Monument de la Renaissance africaine, quand t
Monument de la Renaissance africaine, quand tu nous tiens !
Le vendredi 18 décembre 2009, vers 21 heures, beaucoup de Sénégalais ont suivi avec intérêt le débat, sur la chaîne de Radio télévision nationale (Rts), relatif -du point de vue islamique- à la statue de Abdoulaye Wade. Nous avons assisté à un coup de force théorique d’alliés inconditionnels du pouvoir pour imposer aux Sénégalais des «preuves textuelles». Un débat dont la partialité du modérateur gênait plus d’un Sénégalais. Mais pourquoi tout cet intérêt ? Les inconditionnels défenseurs, larbins du pouvoir en place, sont aujourd’hui prêts à défendre toute entreprise, fusse-t-elle mauvaise. Compte tenu de ce phénomène, nous osons dire, qu’au Sénégal, même si le diable (Iblis) apparaissait parmi nous, il y en a des hommes qui n’auraient pas manqué de lui faire une plaidoirie digne d’un prophète.

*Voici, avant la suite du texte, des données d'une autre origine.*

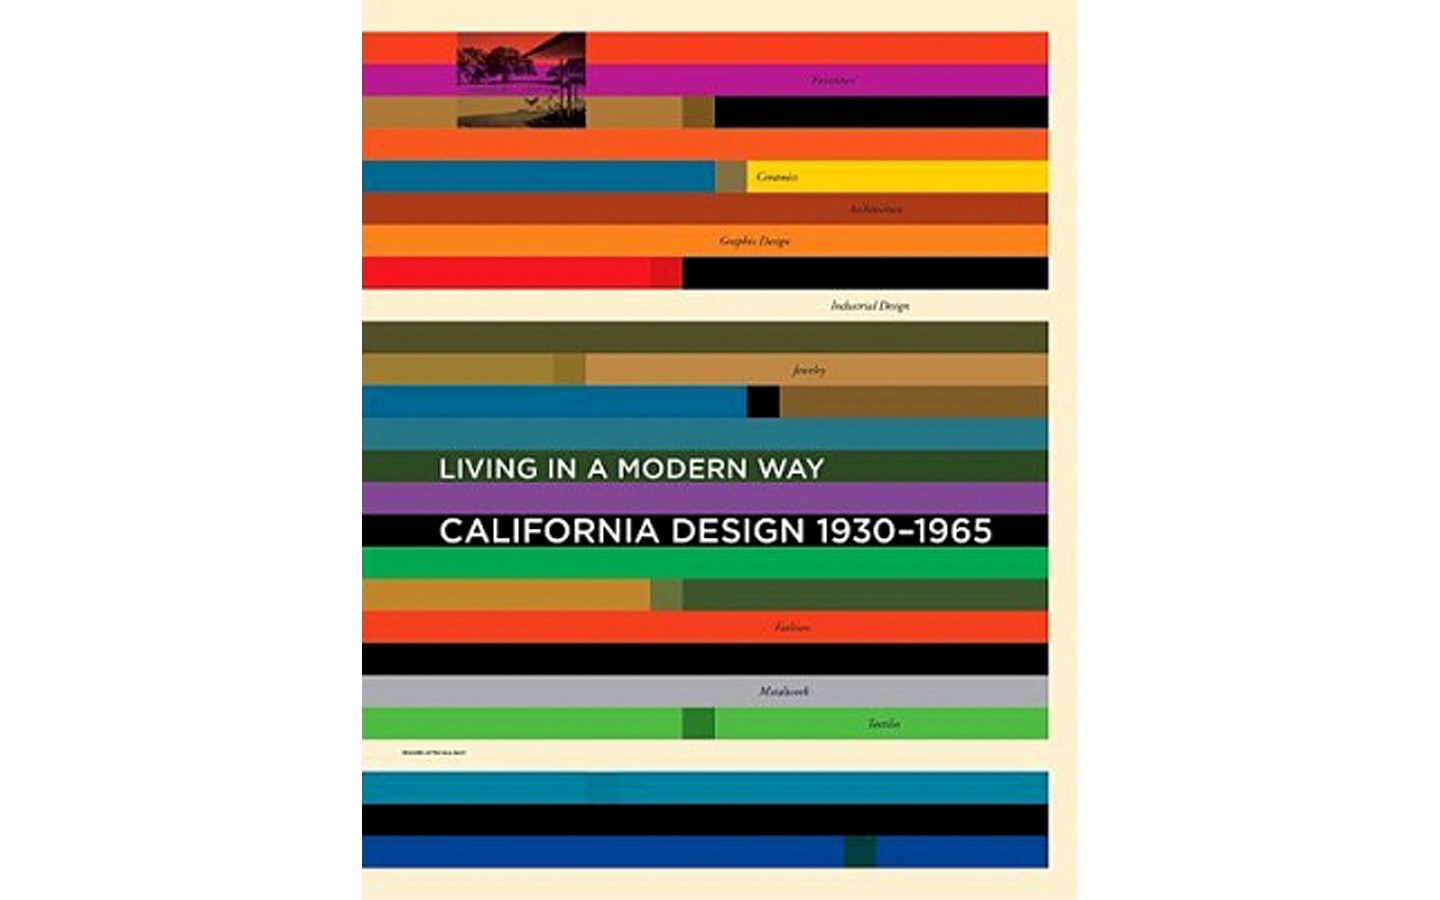 Living in a Modern Way: California Design 1930-1965 - EDITED BY WENDY KAPLAN - MIT PRESS

Les positions religieuses importent certes, mais il nous semble important de questionner –même sans l’avis religieux- la conscience commune et le sentiment des Sénégalais. Le monument a suscité des questions et des désarrois par rapport auxquels les Sénégalais n’ont pas jusque-là des réponses convaincantes. Mais là n’est pas le vrai débat. Même si la religion musulmane avait tranché favorablement là-dessus, le contexte socioéconomique dramatique des Sénégalais aurait pu inspirer à Wade le sens du retenu.
Nous avons donc convenu, avec beaucoup de Sénégalais, que le débat sur la légitimité religieuse de ce monument impopulaire a été un dilatoire béat cachant mal les craintes du concepteur. La question du monument –bien qu’importante- divertit les Sénégalais et leur fait oublier d’autres questions plus urgentes pour la survie de notre peuple. Il s’agit, entre autres, du coup de force sur la question du Code électoral, de la recrudescence de la violence, du manque de sécurité grandissant, des nouvelles formes de prostitution chez les mineures (élèves), des grèves répétitives dans le système éducatif, de la pauvreté galopante et inquiétante. Et il (le débat) cache bien d’autres maladresses.

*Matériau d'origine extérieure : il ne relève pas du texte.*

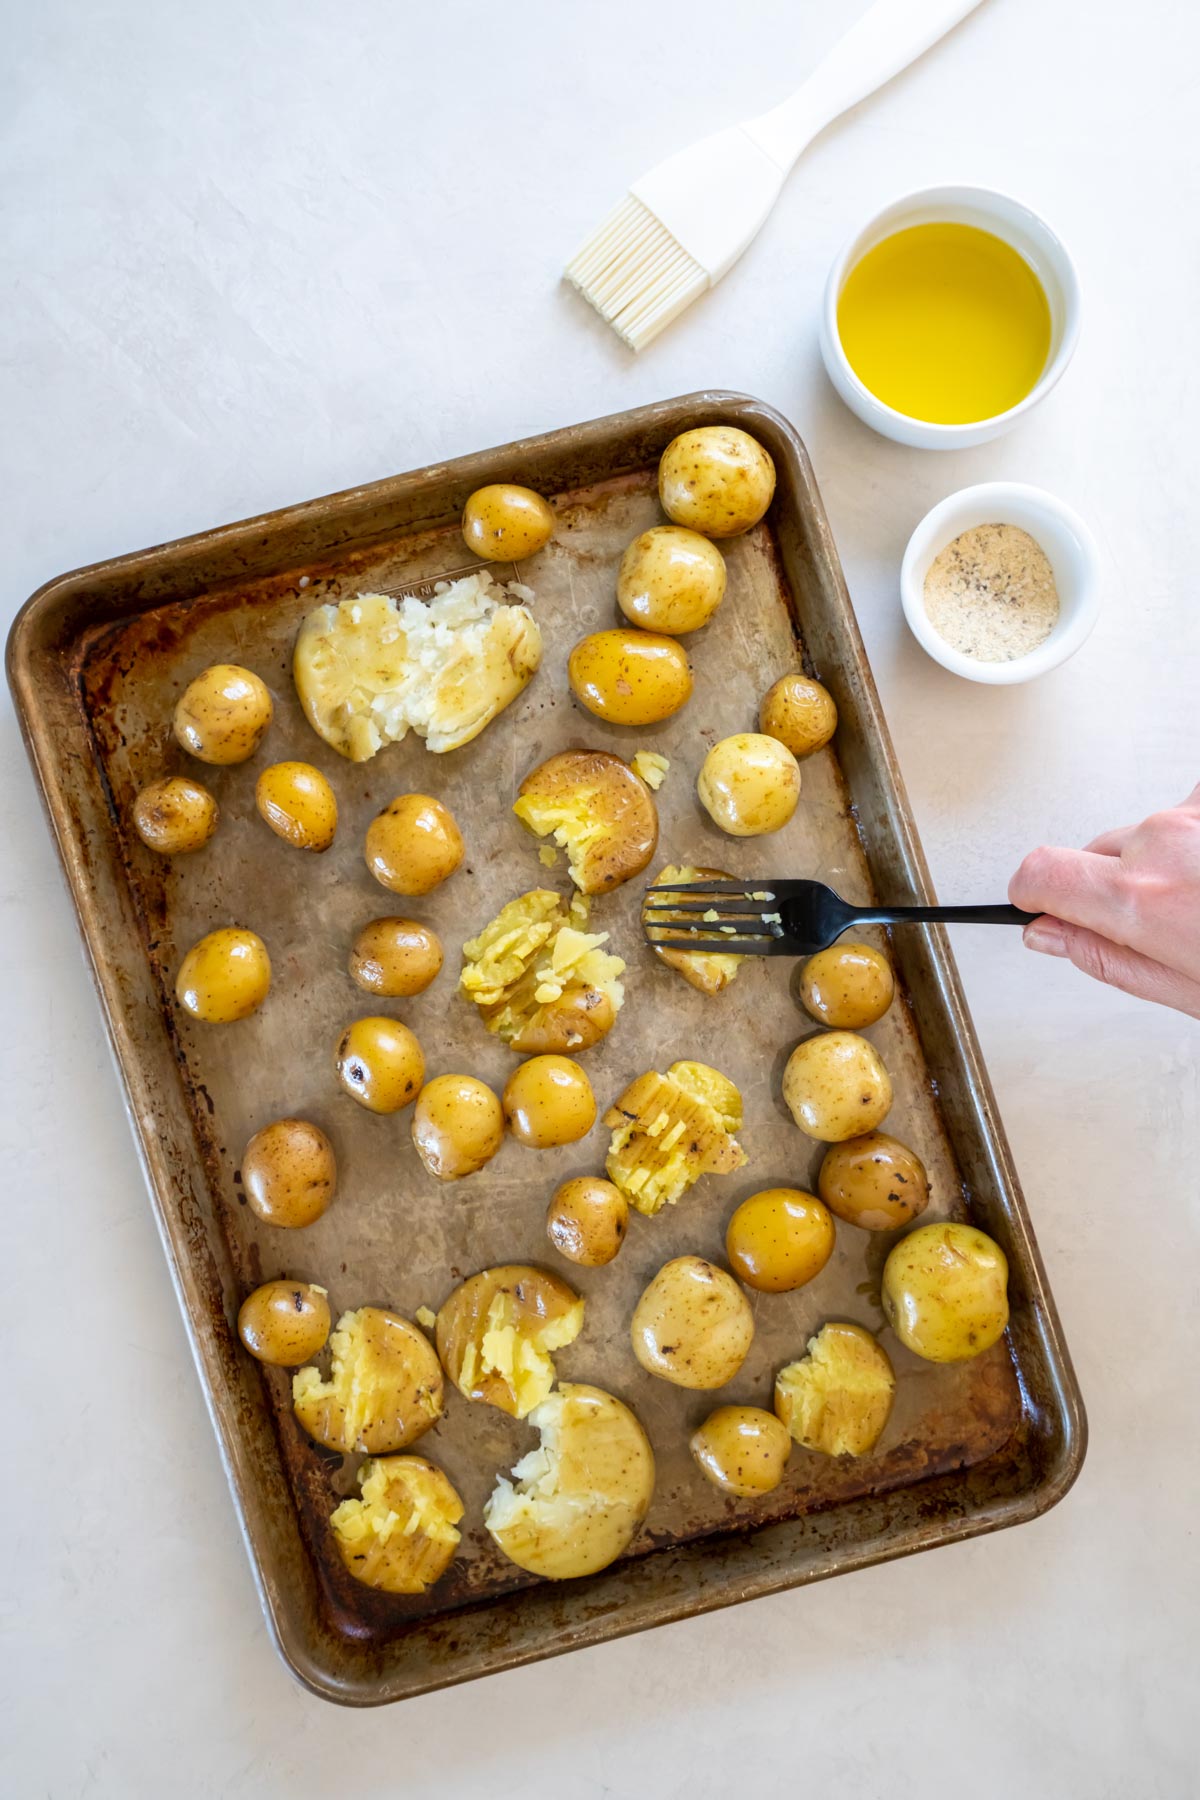 Smashing potatoes on baking sheet with a fork.

Commençons par interroger le nom donné au monument. On nous parle de «Renaissance». De quelle renaissance s’agit-il ? Existe-t-il vraiment une naissance d’abord ? L’Afrique a-t-elle la légitimité de crier sur tous les toits l’aspiration à la «renaissance», si l’on en juge présentement le comportement de la majorité de ses dirigeants ? Le challenge qui se pose à elle, au-delà des milliers de maux dont elle souffre, réside dans l’impératif de rompre avec des Présidents despotes et qui excellent dans l’art de fonder des dynasties. Autrement dit, chaque Président ruse pour léguer la confiance de tout un peuple à son fils. On peut évoquer dans ce sens le Togo, la Rdc, le Gabon sans oublier les rumeurs qui courent chez nous au Sénégal. Finalement, nous considérons, par rapport à cette question, que cette race de Présidents est mal placée pour faire le plaidoyer de la «renaissance africaine». A vrai dire, l’Afrique est malade de ses dirigeants.

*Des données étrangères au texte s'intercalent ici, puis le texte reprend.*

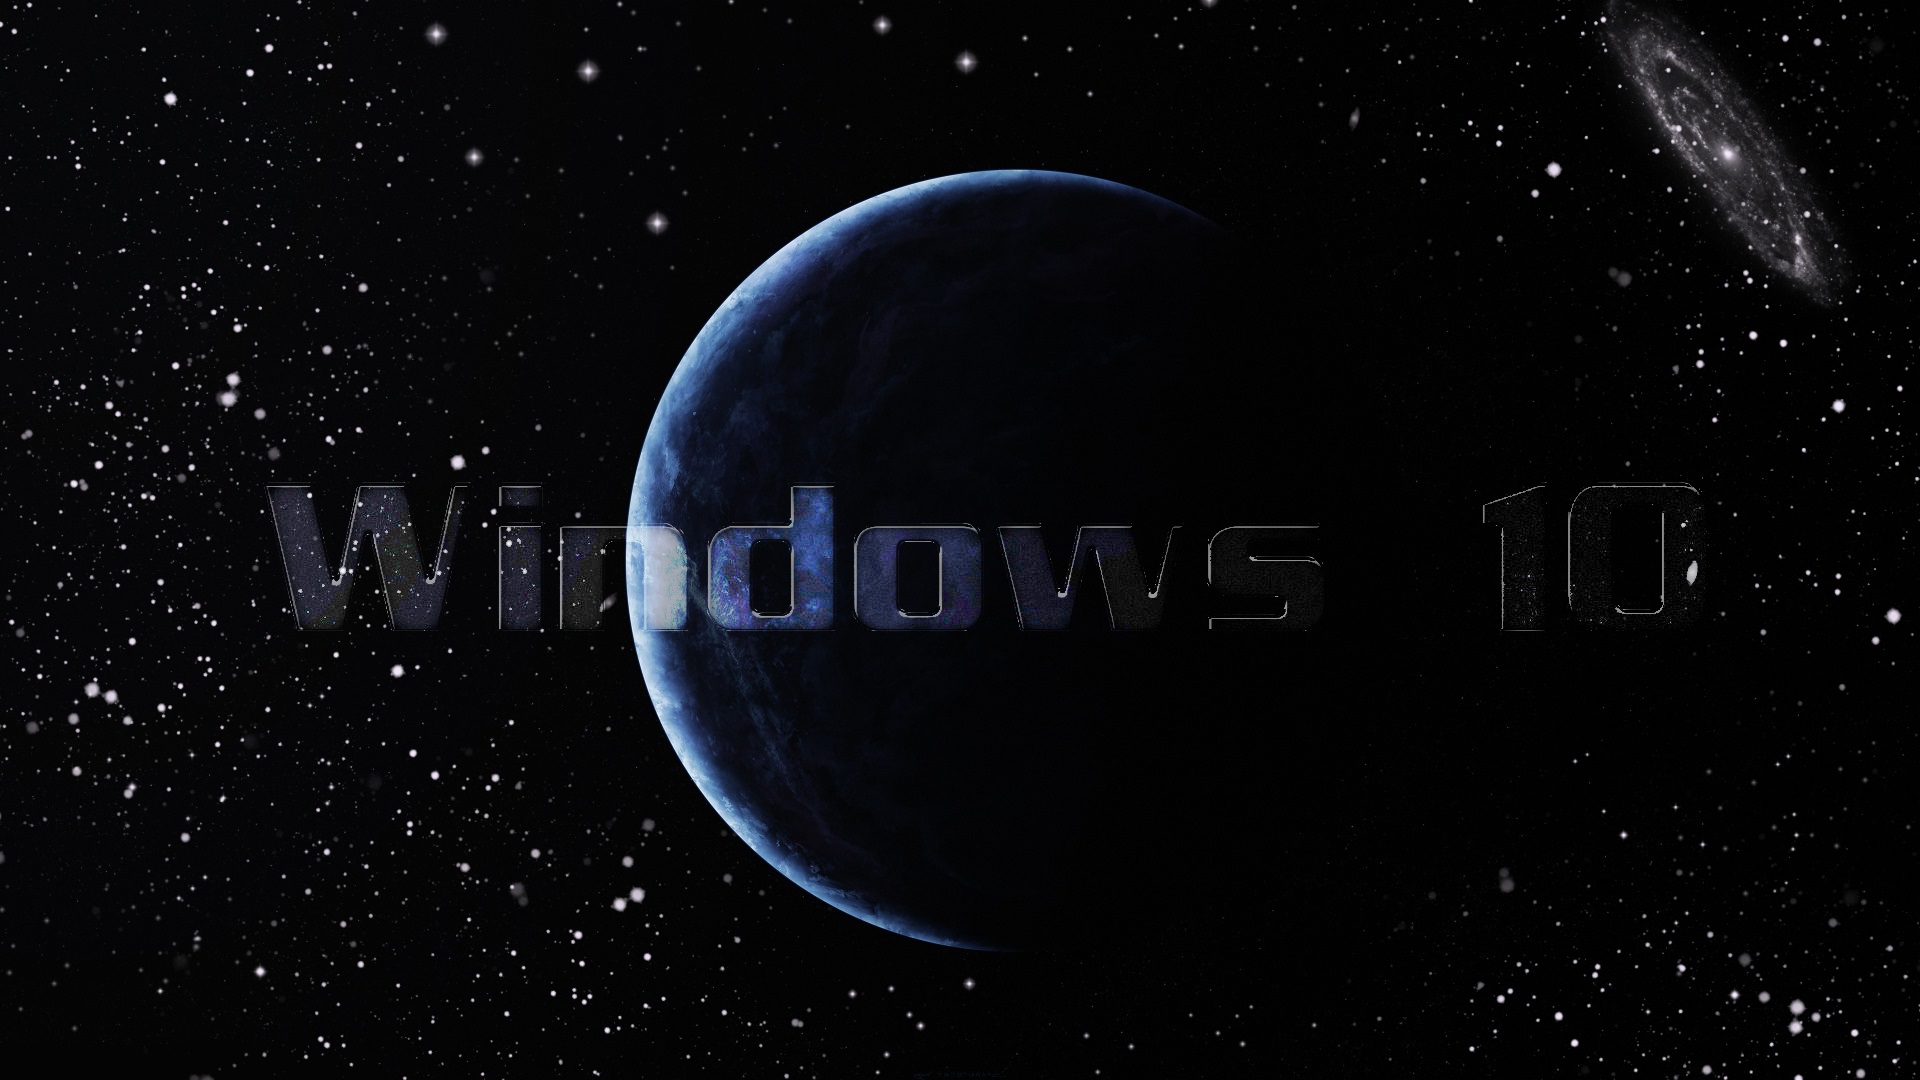 Windows 10 On Galaxy Wallpaper HD 9511 Wallpaper High Resolution 1920x1080

A un autre niveau, le contexte socioéconomique des Sénégalais ne peut guère justifier le financement - à coût de milliards – du monument. Il est inutile d’énumérer ici les calvaires des Sénégalais. Mais cette somme faramineuse aurait bien servi à régler l’épineux problème des inondations dans certaines zones de Dakar, les canaux à ciel ouvert de Rufisque, à solder les dettes de l’Etat et/ou à éviter les injustifiables dépenses extrabudgétaires.
En conclusion, il importe de dire, à l’endroit de ceux qui se considèrent «bâtisseurs» pour encombrer nos villes avec des statues, des idoles, des monuments ; qu’il serait mieux de changer d’orientation.
Un pays ne peut pas se développer sans un bon système éducatif, une politique de santé performante, une promotion de la culture de l’excellence au détriment de la médiocrité, une bonne politique sociale et culturelle. C’est véritablement sur ce terrain que les populations attendent leurs dirigeants. Espérons que les pluies de souffre et de feu de Gomorrhe ne nous viennent après la problématique question de l’inauguration du contesté monument.